### Provided material
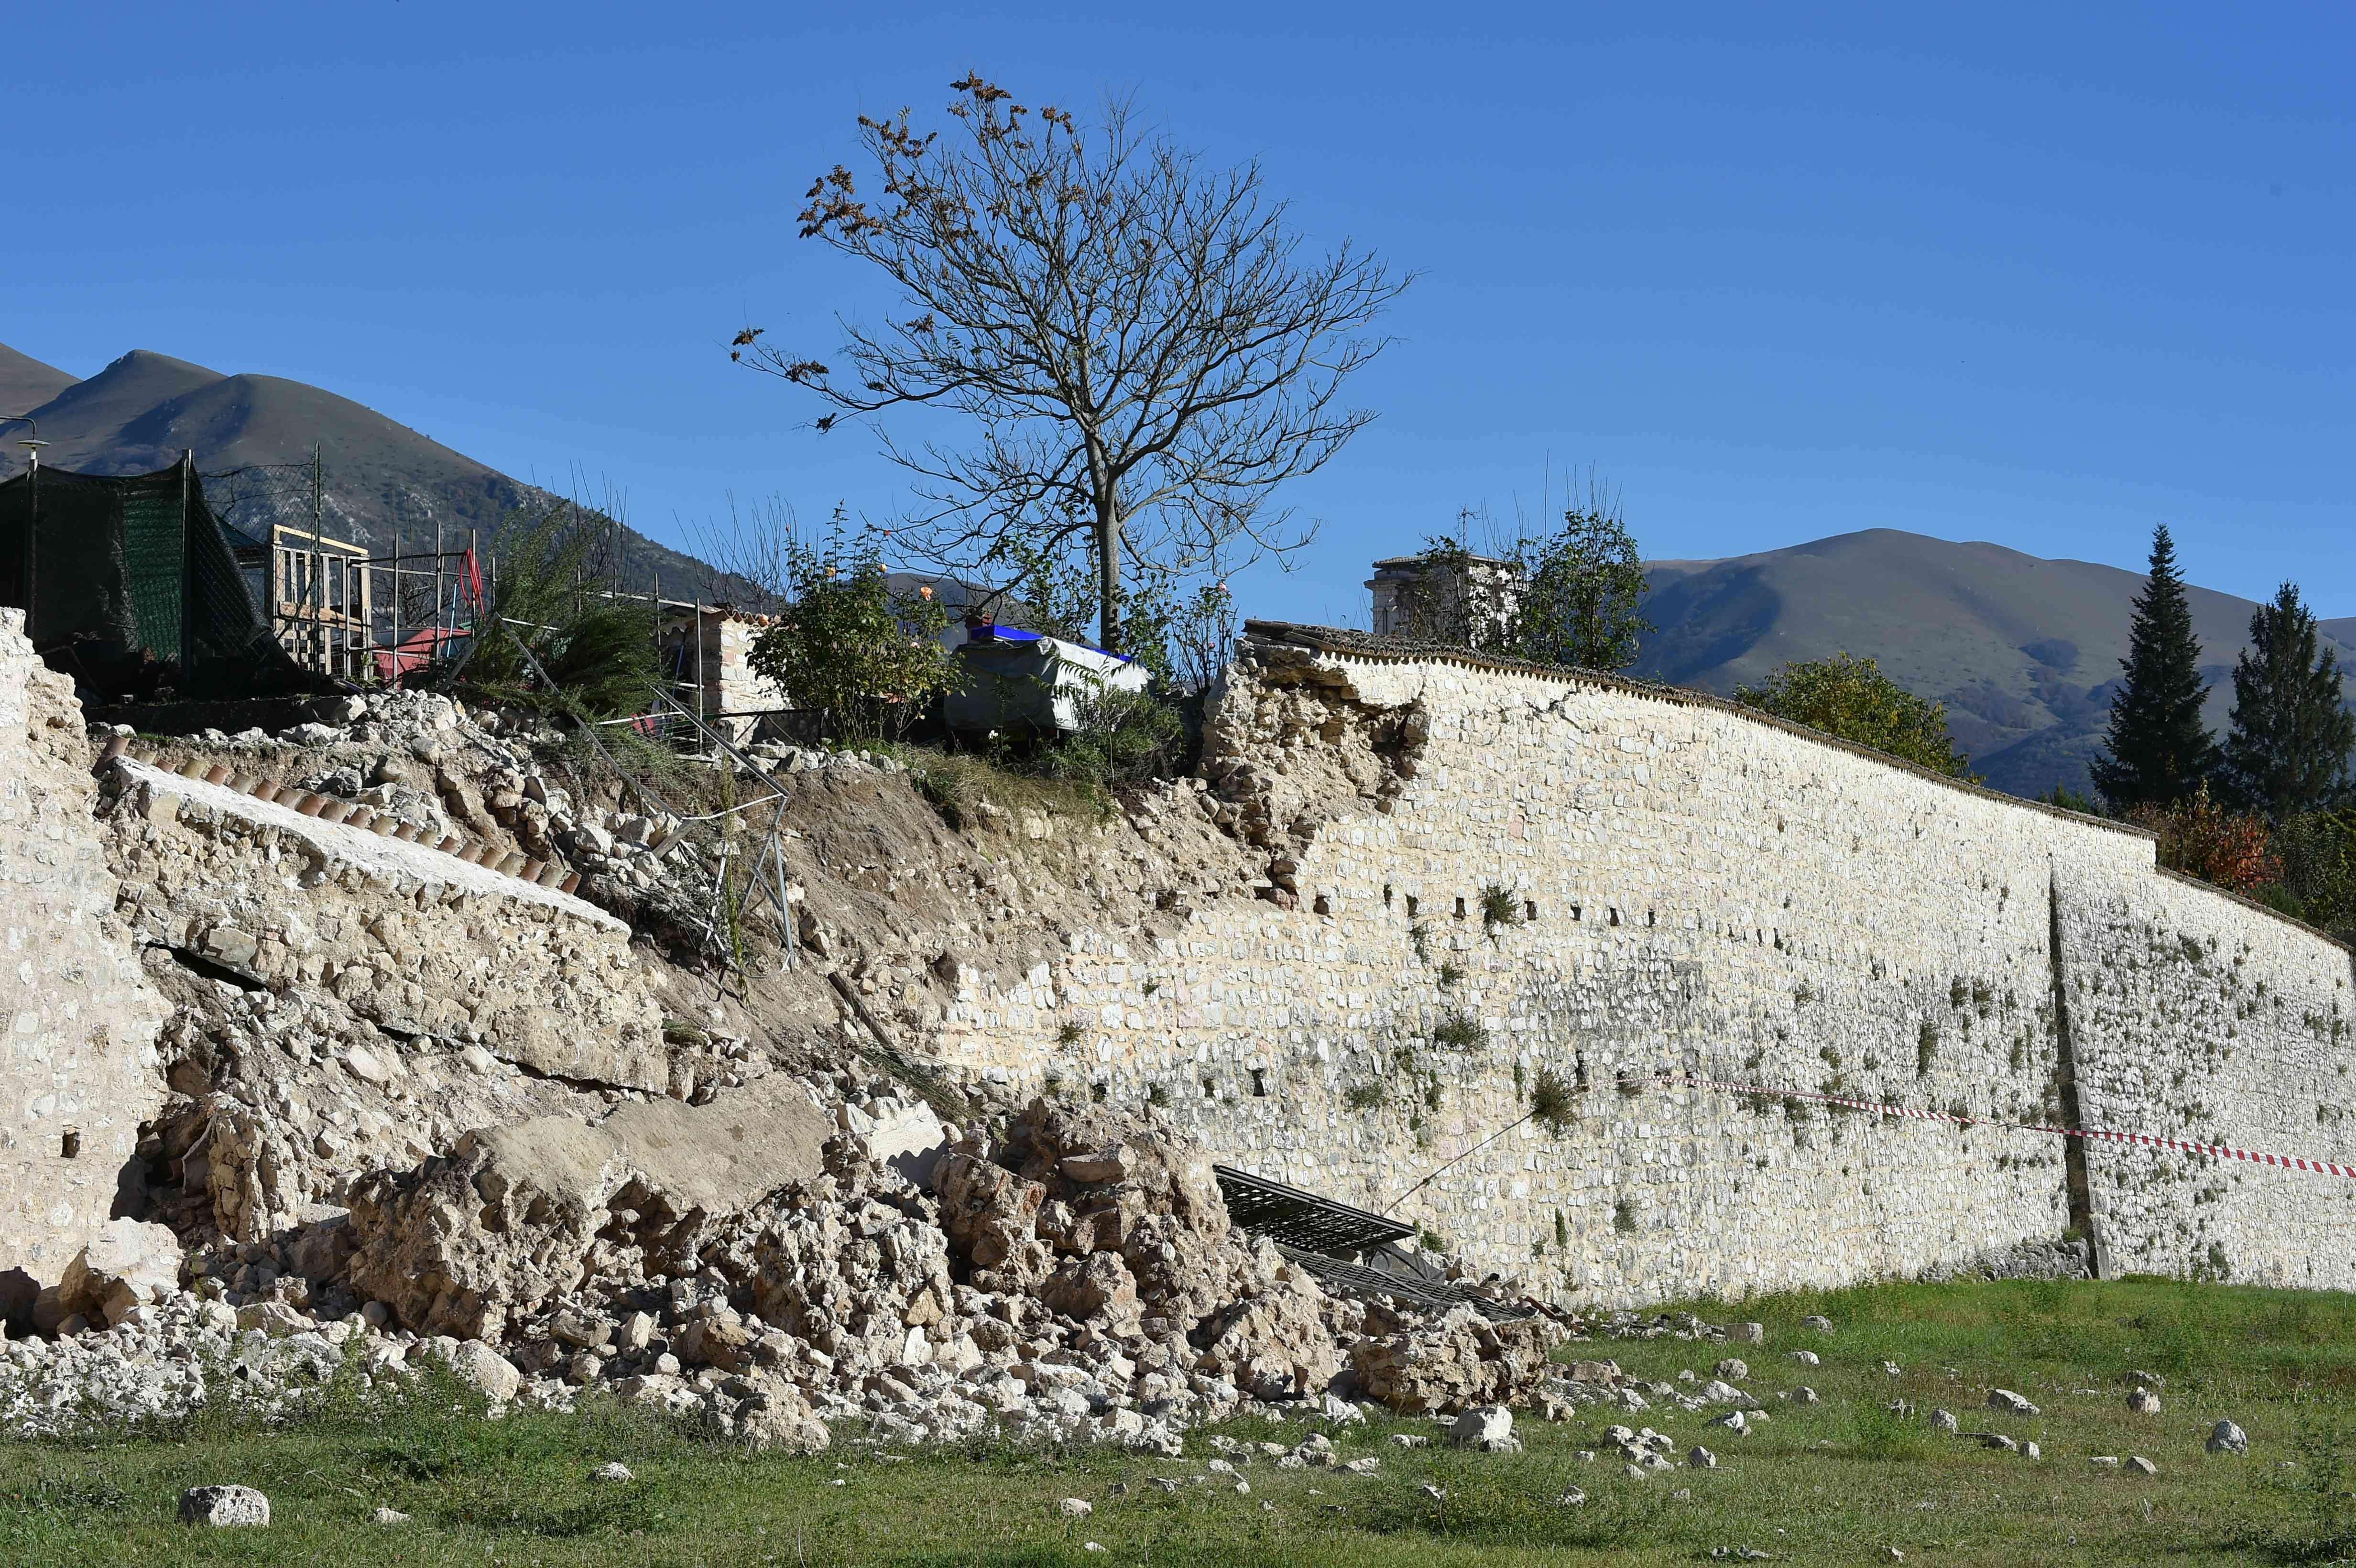 Dans cette région où près de 300 personnes ont trouvé la mort à la fin du mois d'août lors d'un puissant tremblement de terre, la plupart des villages avaient déjà été évacués.
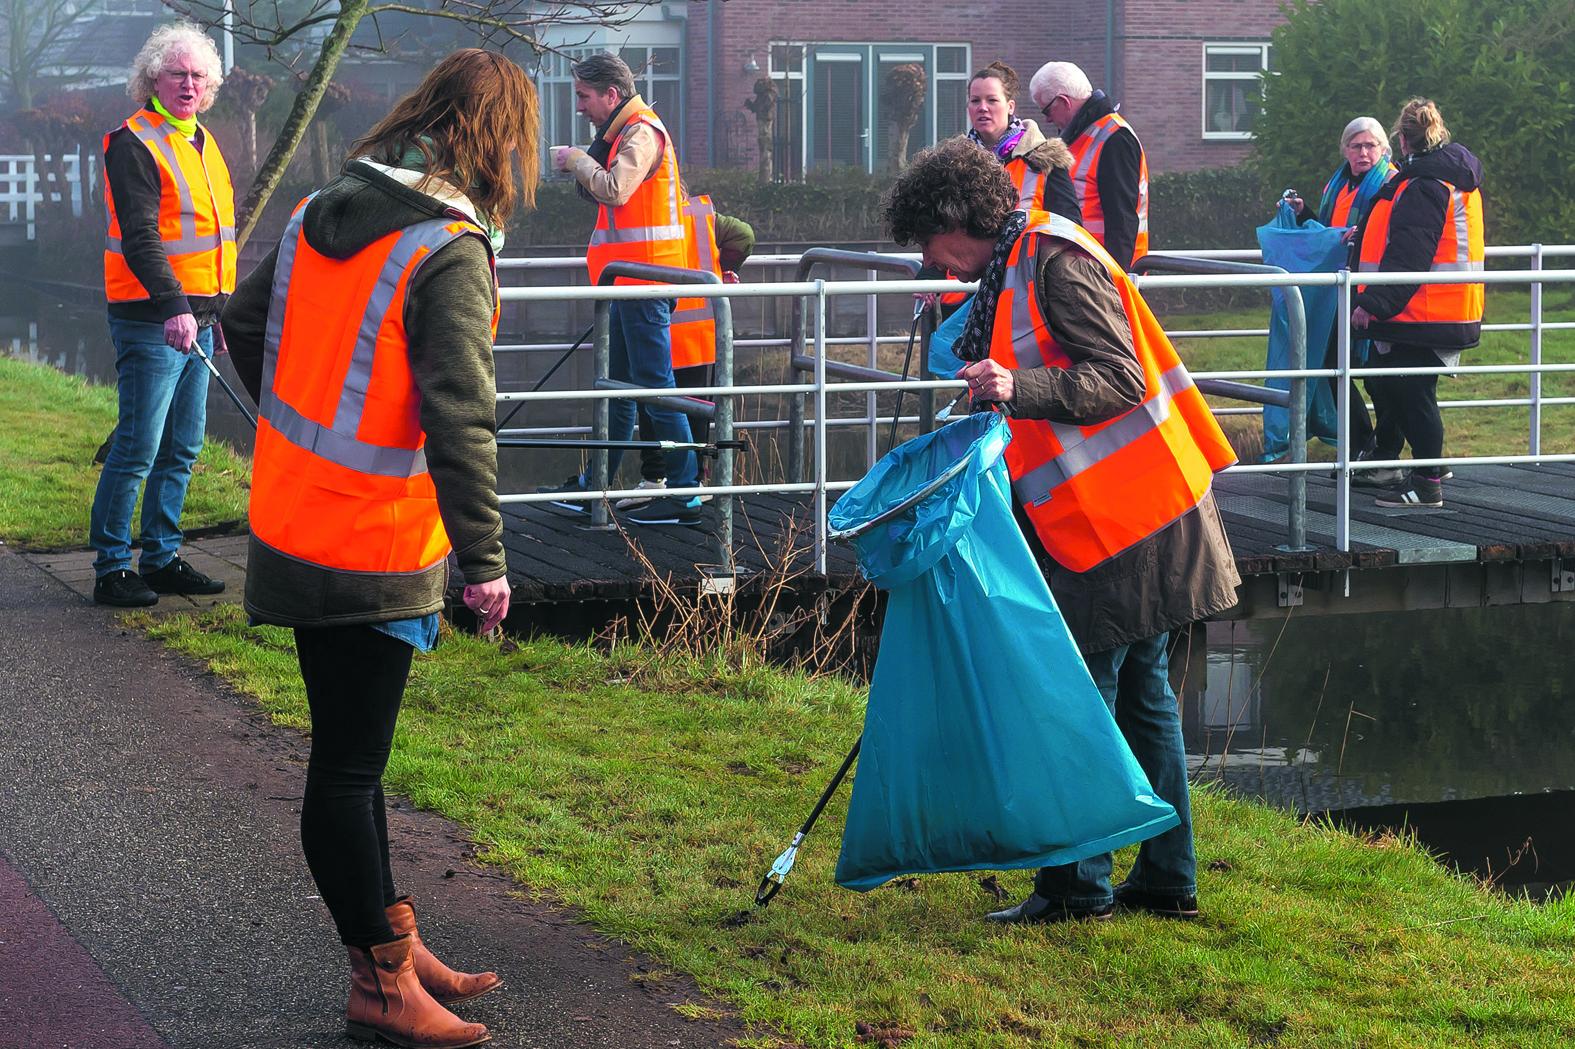 Voordat de buurt van huisvuil werd verlost, ging de hele groep op de foto. (Foto: Han Giskes) rodi.nl © rodi
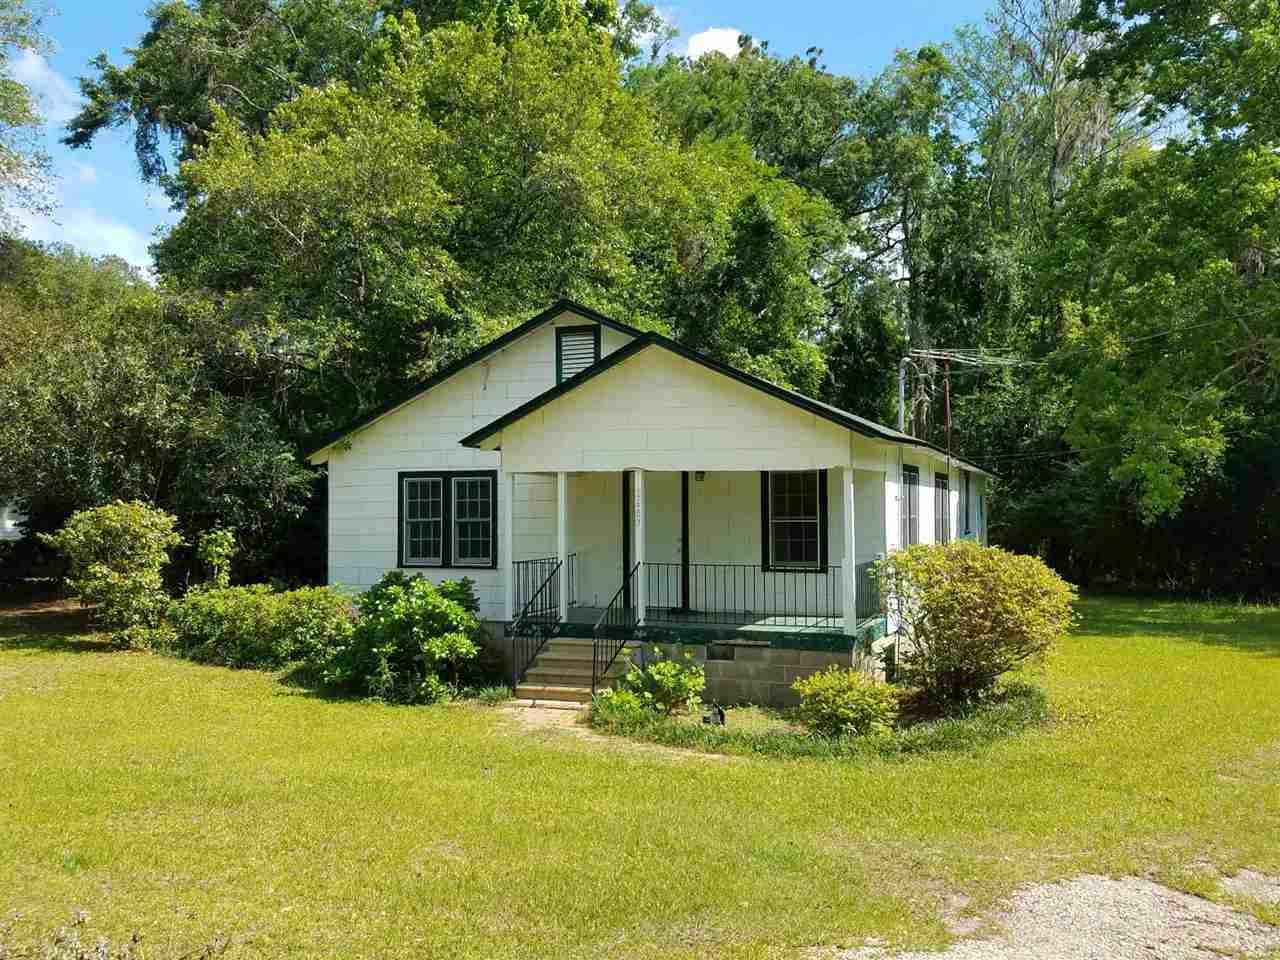 2607 Block Drive, Tallahassee, FL 32304 - MLS#: 318703

### Requirement
The material must be restated verbatim. Its pictures must be omitted.

### Task solution
 Dans cette région où près de 300 personnes ont trouvé la mort à la fin du mois d'août lors d'un puissant tremblement de terre, la plupart des villages avaient déjà été évacués.
 Voordat de buurt van huisvuil werd verlost, ging de hele groep op de foto. (Foto: Han Giskes) rodi.nl © rodi
 2607 Block Drive, Tallahassee, FL 32304 - MLS#: 318703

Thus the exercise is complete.